_WHAT YOU ARE ASKED TO DO:_
Each line of the material should be set down exactly. Pictures are not part of the copy.

_SUPPLIED DATA:_
----------------------------------------
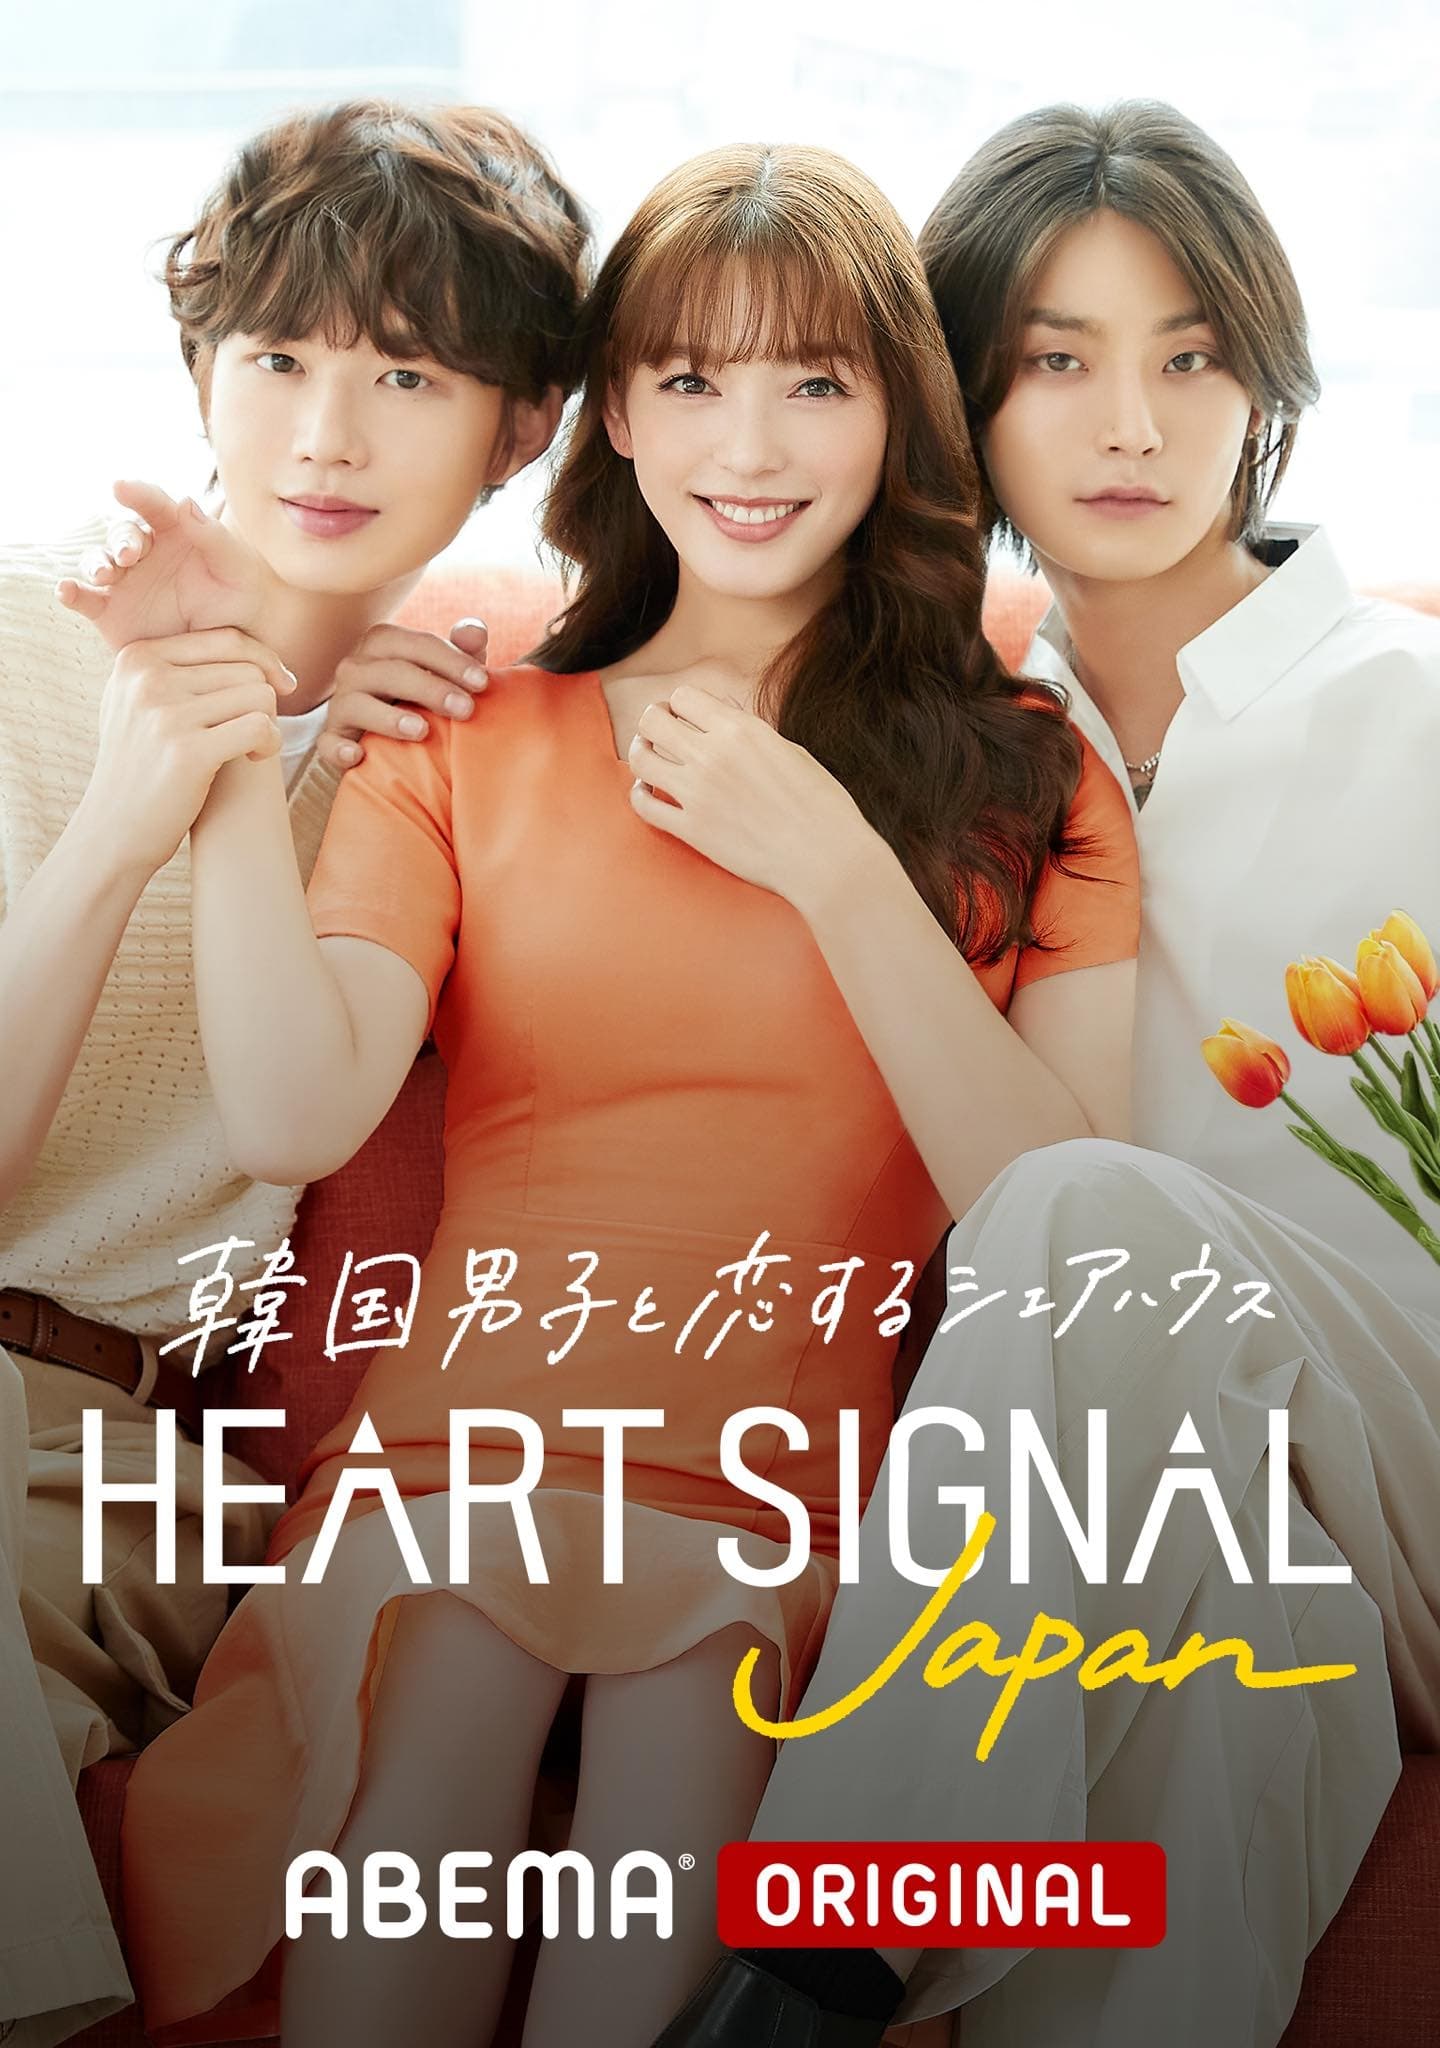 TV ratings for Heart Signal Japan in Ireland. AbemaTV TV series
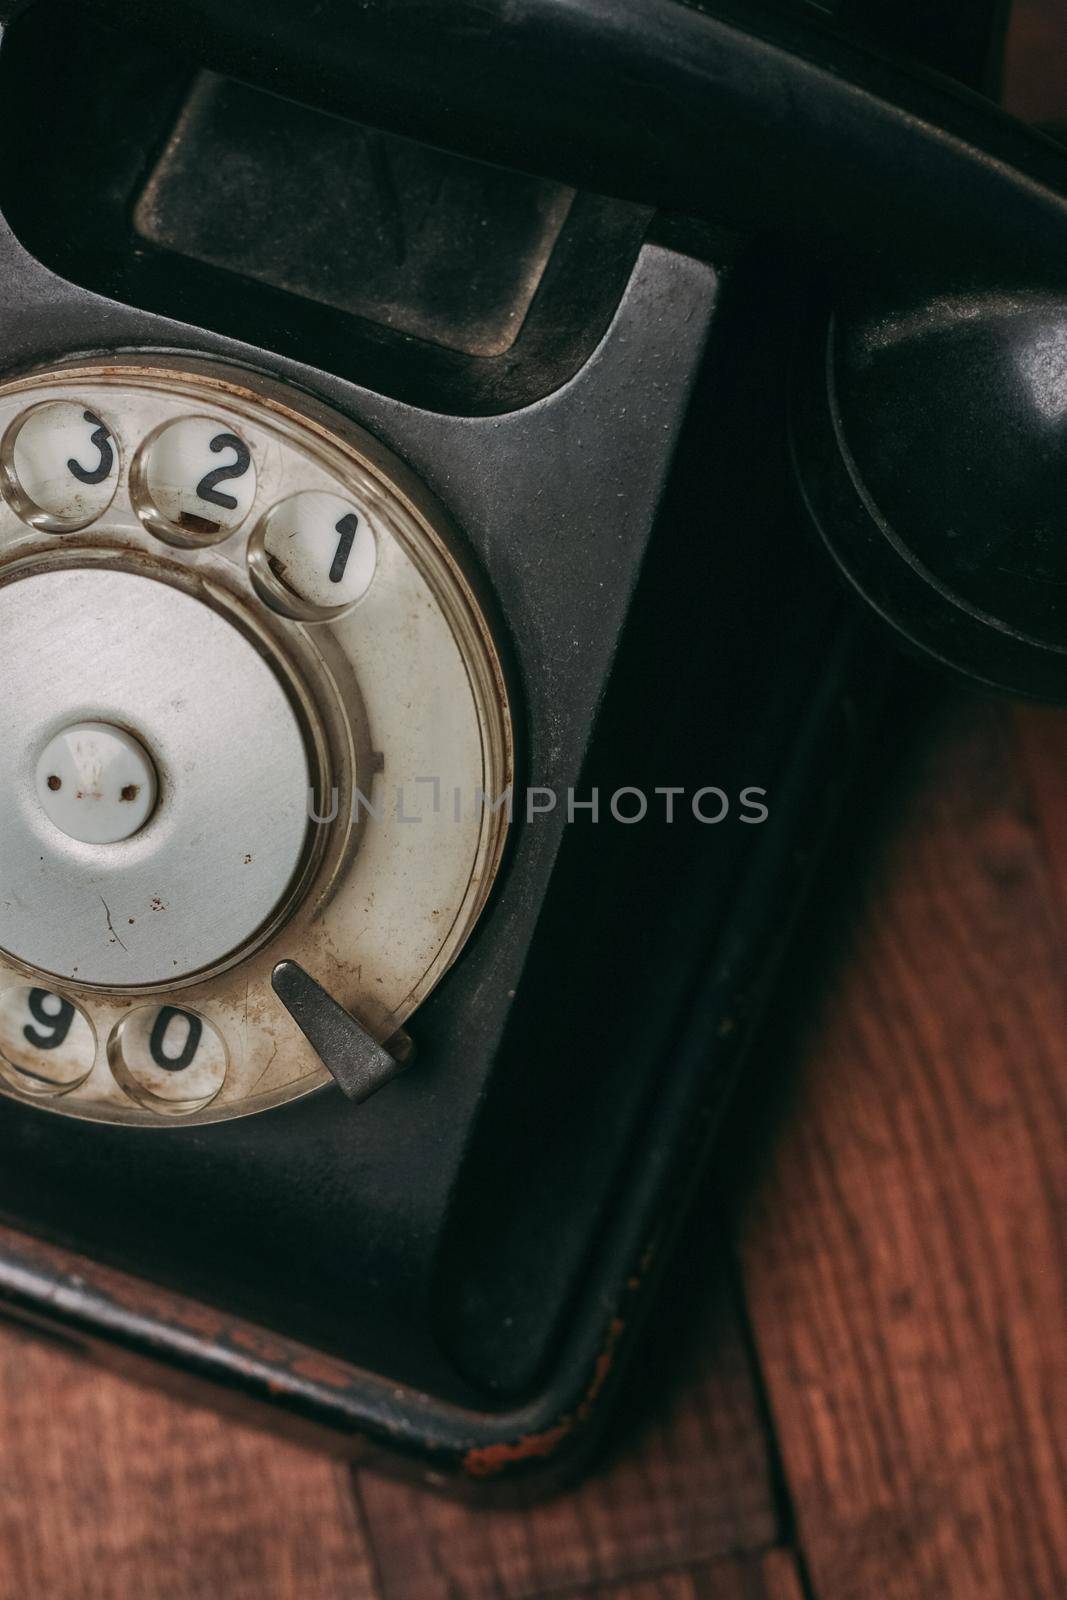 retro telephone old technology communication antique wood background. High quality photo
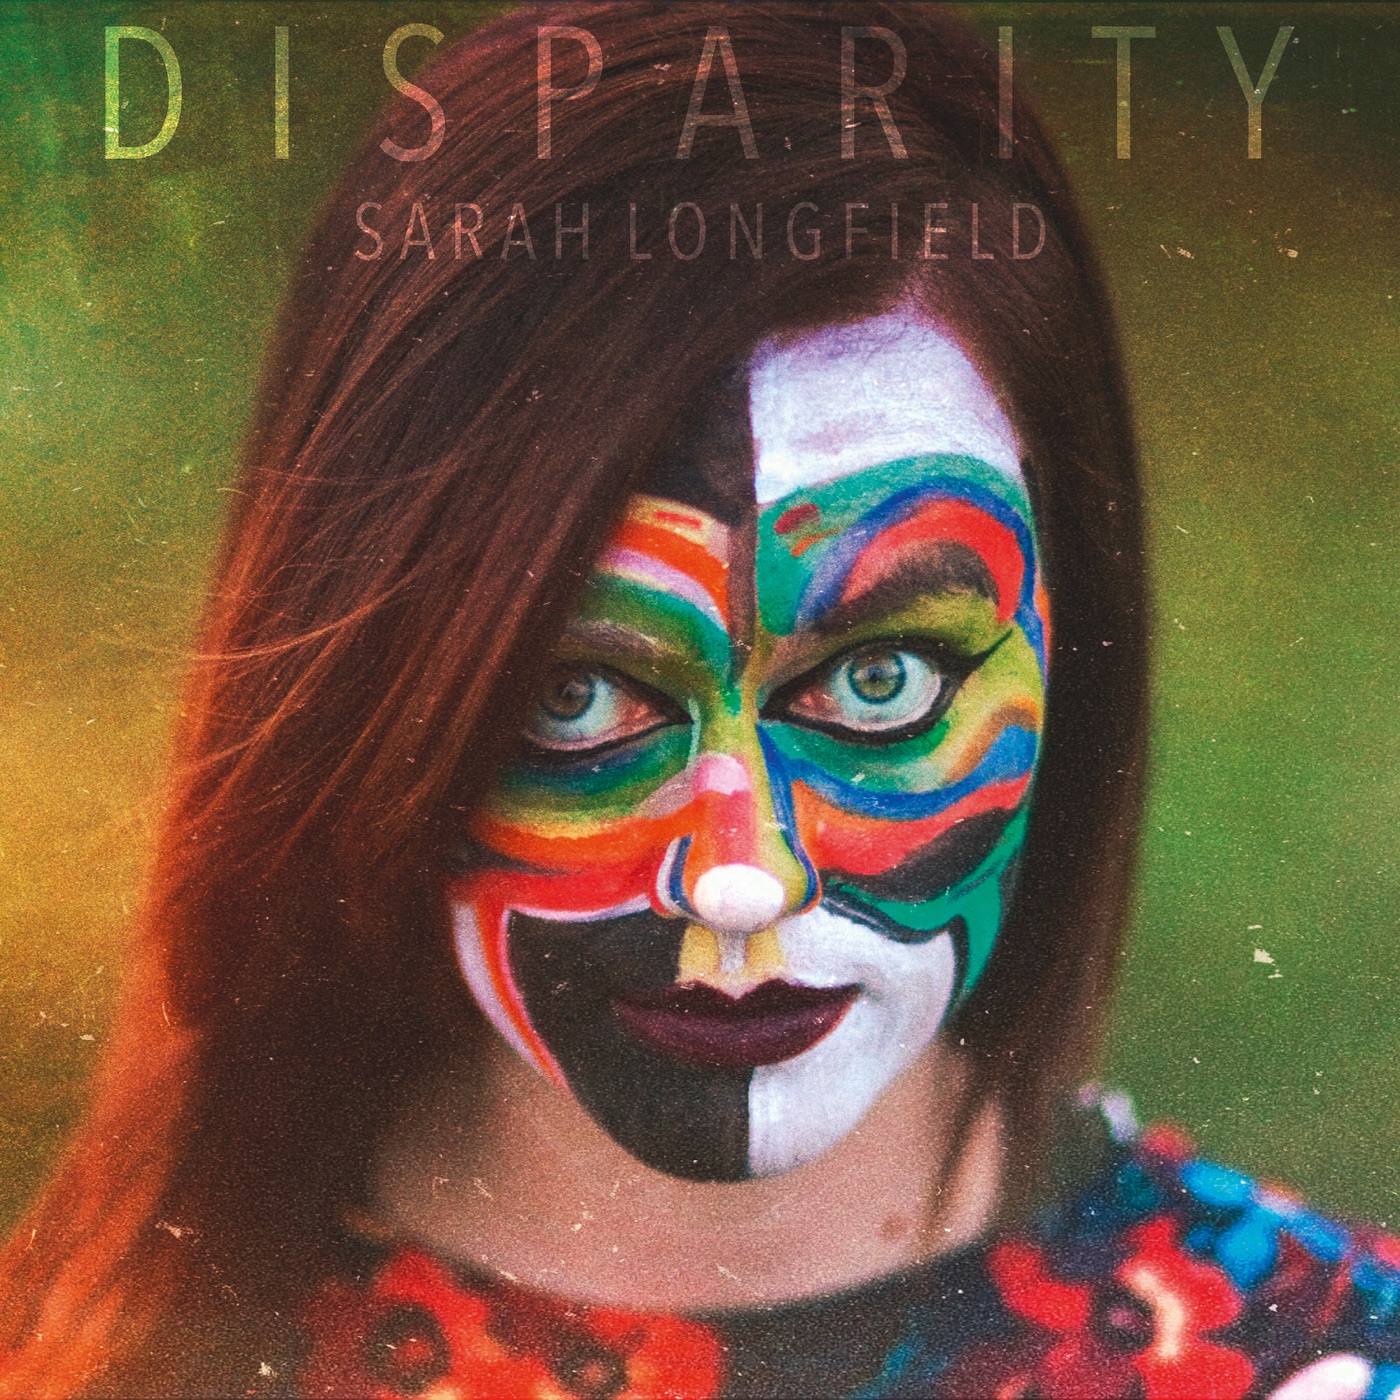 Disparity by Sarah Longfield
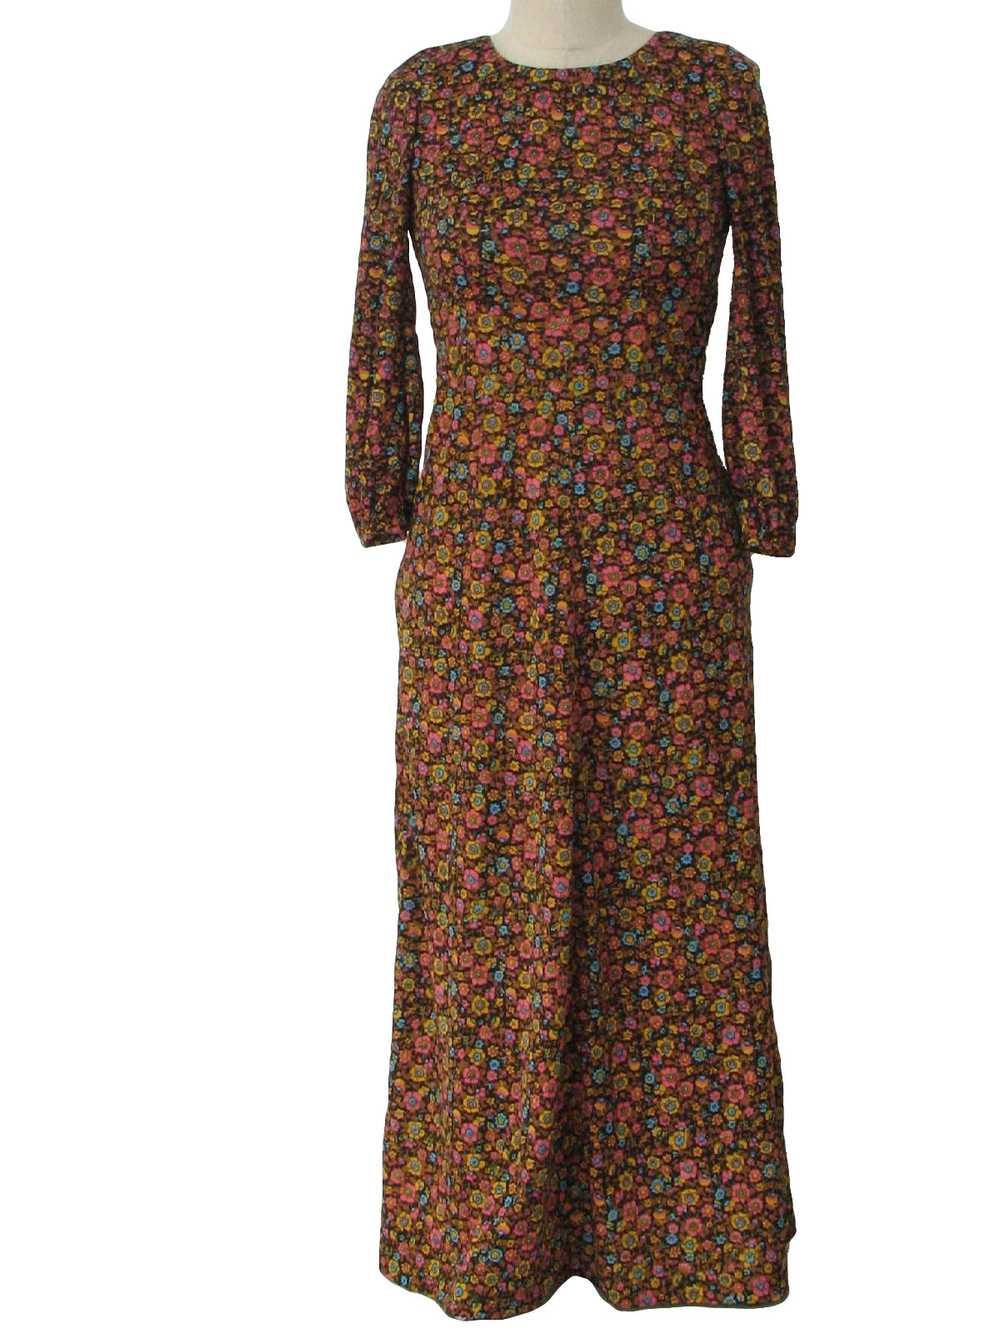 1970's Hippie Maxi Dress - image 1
----------------------------------------
_FINISHED TASK:_
 TV ratings for Heart Signal Japan in Ireland. AbemaTV TV series
 retro telephone old technology communication antique wood background. High quality photo
 Disparity by Sarah Longfield
 1970's Hippie Maxi Dress - image 1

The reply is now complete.